Bu elim olay, Hz. Peygamber’i ve O’nun Ehl-i Beyti’ni seven bütün mü’minleri derinden yaralamış, kalplerimizi incitmiş; o günden bugüne
bölgesi, kültürü, mezheb ve meşrebi ne olursa olsun bütün Müslümanları derin acılara sevk etmiştir. Hz. Hüseyin ve yakınları, haksızlığa ve zulme karşı onurlu direnişleriyle, doğruluk adına samimi yürüyüşleriyle, bütün müminlerin gönüllerini fethetmişlerdir. Resûlullah Efendimiz’in torunlarına bu zulmü reva görenler ise insanlığın ortak vicdanında mahkûm edilmişlerdir.
Aziz Kardeşlerim!
Bizler bu hâdisenin hüznünü yaşarken, aynı acıların bir daha tekrarlanmaması için; Muharrem’i doğru okuyup anlamaya, müspet sonuçlar çıkararak ibret almaya ve yüce Rabbimizin; “Allah’a ve Rasûlüne itaat edin. Birbirinizle çekişmeyin.
Sonra gevşersiniz ve gücünüz, devletiniz elden gider...”5 emrine uygun hareket etmeye her zamankinden daha çok muhtacız.
Muharrem ayını; Hz. Hüseyin’in uğrunda canını feda ettiği hak, adalet, rahmet, merhamet, müsamaha ve şefkat duygularının yeniden ihyâsı ve Müslümanların muhabbet, kardeşlik ve beraberlik duygularının güçlenmesi için fırsat bilmeliyiz.

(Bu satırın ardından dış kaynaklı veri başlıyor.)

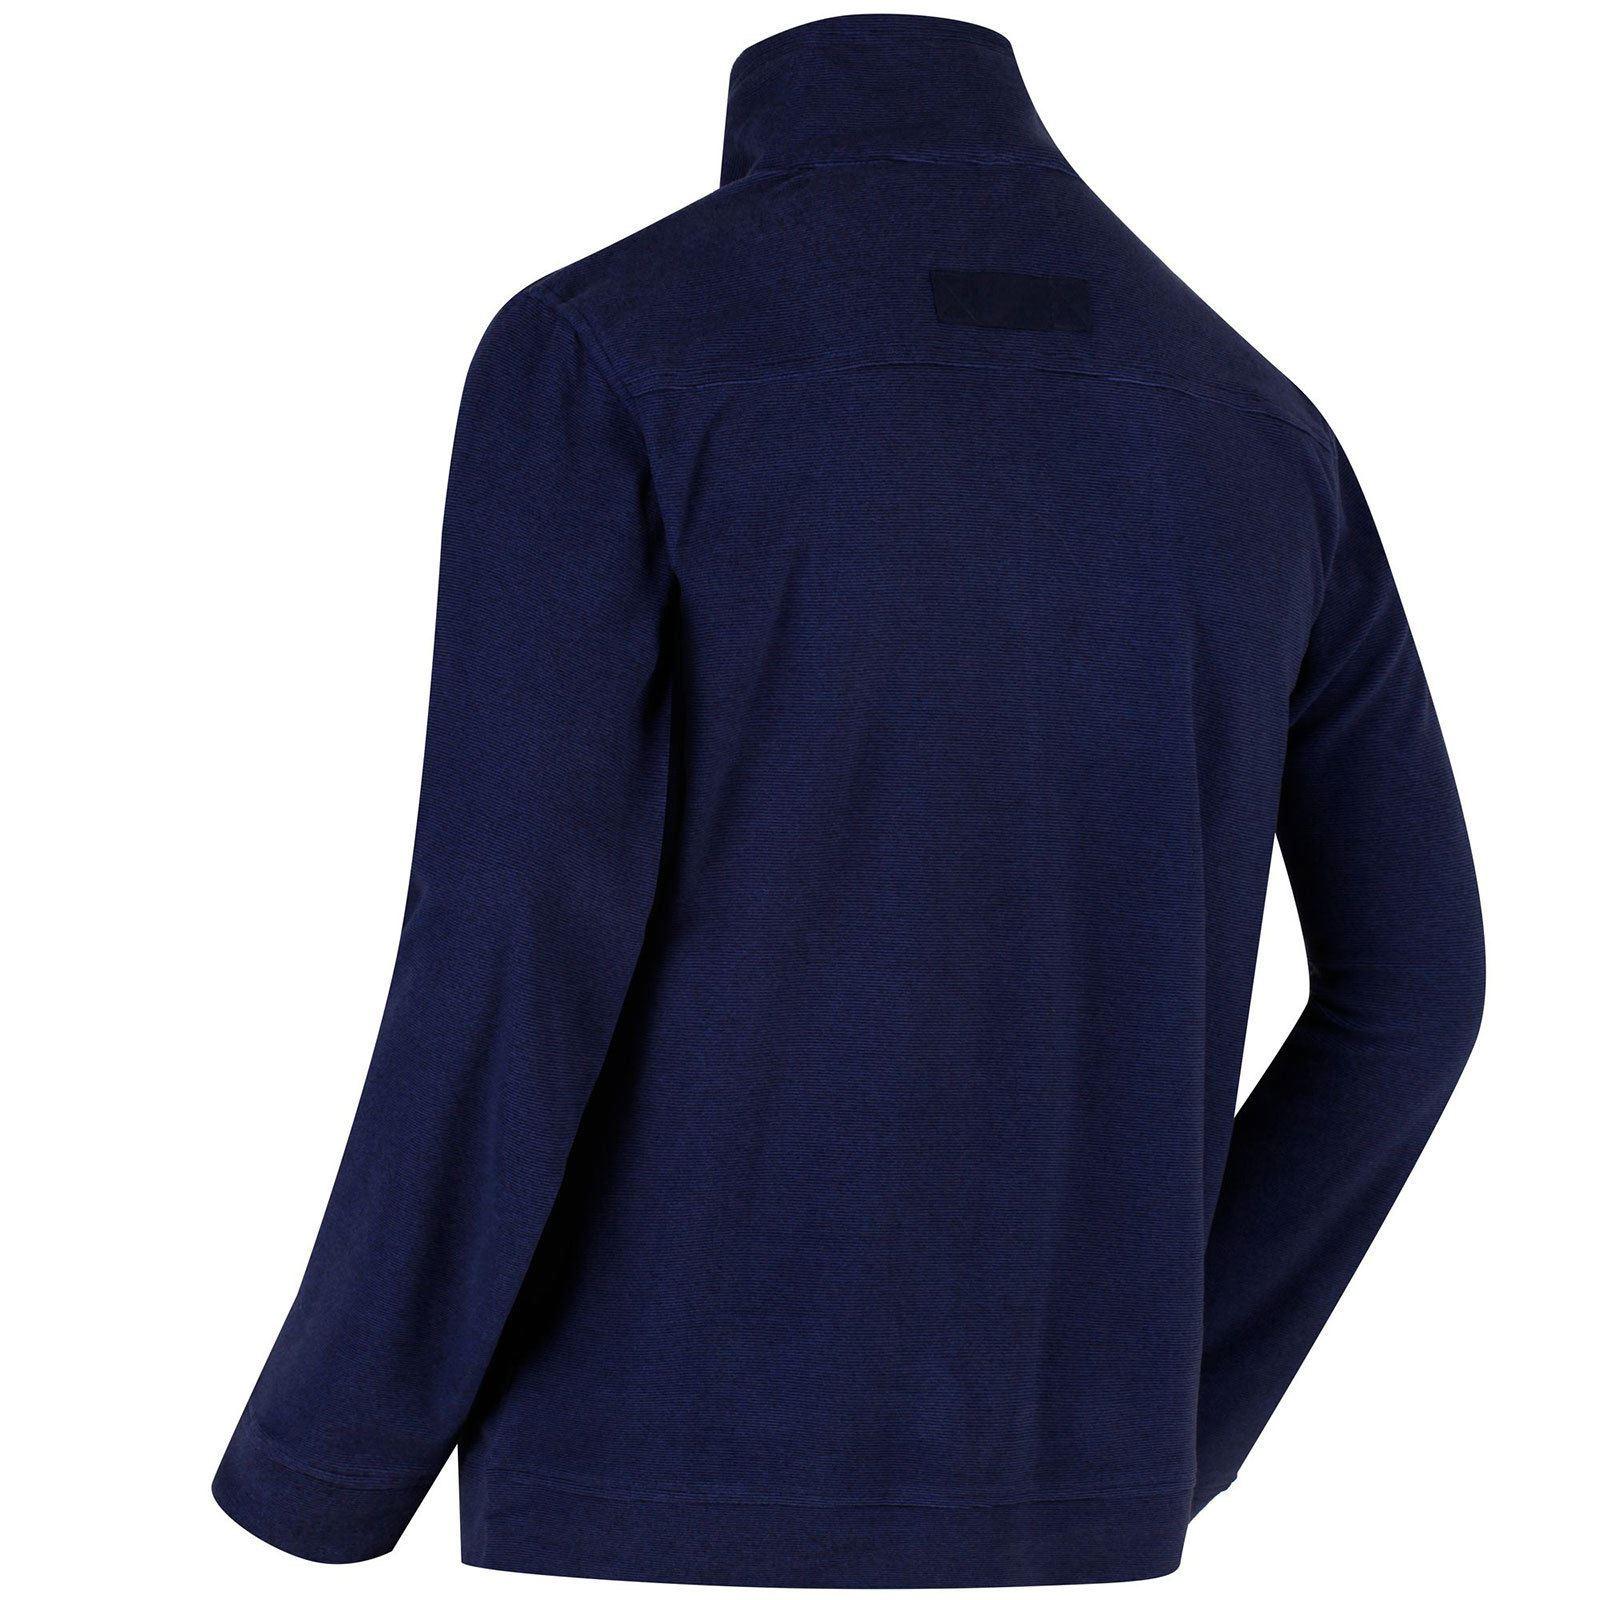 Regatta-Mens-Ultar-III-Full-Zip-Casual-Comfortable-Fleece-Jacket thumbnail 5

Nitekim Muharrem ayında yaşattığımız aşure geleneğimiz birlik ve beraberliğimizin, kaynaşma, paylaşma ve dayanışmamızın bir simgesidir. Tıpkı aşure aşında bir araya gelen farklı nimetlerin aynı ortak tada katkı sağlamaları gibi, milletimiz asırlardır sürdürdüğü gelenekle bugün de birlikte yaşamanın gereği olarak sevinç ve kederi, muhabbet ve meşakkati paylaşmaya devam etmektedir.
Bu vesileyle, Rahmet Peygamberi’nin çiçeği, cennet gençlerinin seyyidi, ümmetin gözbebeği Hz. Hüseyin Efendimizi ve bütün şehitlerimizi rahmet, minnet, şükran ve tazîm ile yâd ediyoruz.
Ehl-i Beyt-i Mustafâ'nın muhabbetinin her daim yüreklerimizde bâki kalmasını, onlardan bize miras kalan insanî ve ahlakî erdemlerin zihin ve gönül dünyamızı tezyîn etmesini, bu değerler etrafında kenetlenen sevgi ve bağlılığımızın perçinlenmesini Yüce Rabbimizden diliyoruz.
Hazırlayan: Hutbe komisyonu
1. Müslim, “Sıyâm”, 202.
2. Buhârî, Tefsir, 2.
3. Müslim, “Sıyâm”, 202. 4 İbn Mâce, Sunne, 11/4. 5 Enfâl, 8/46.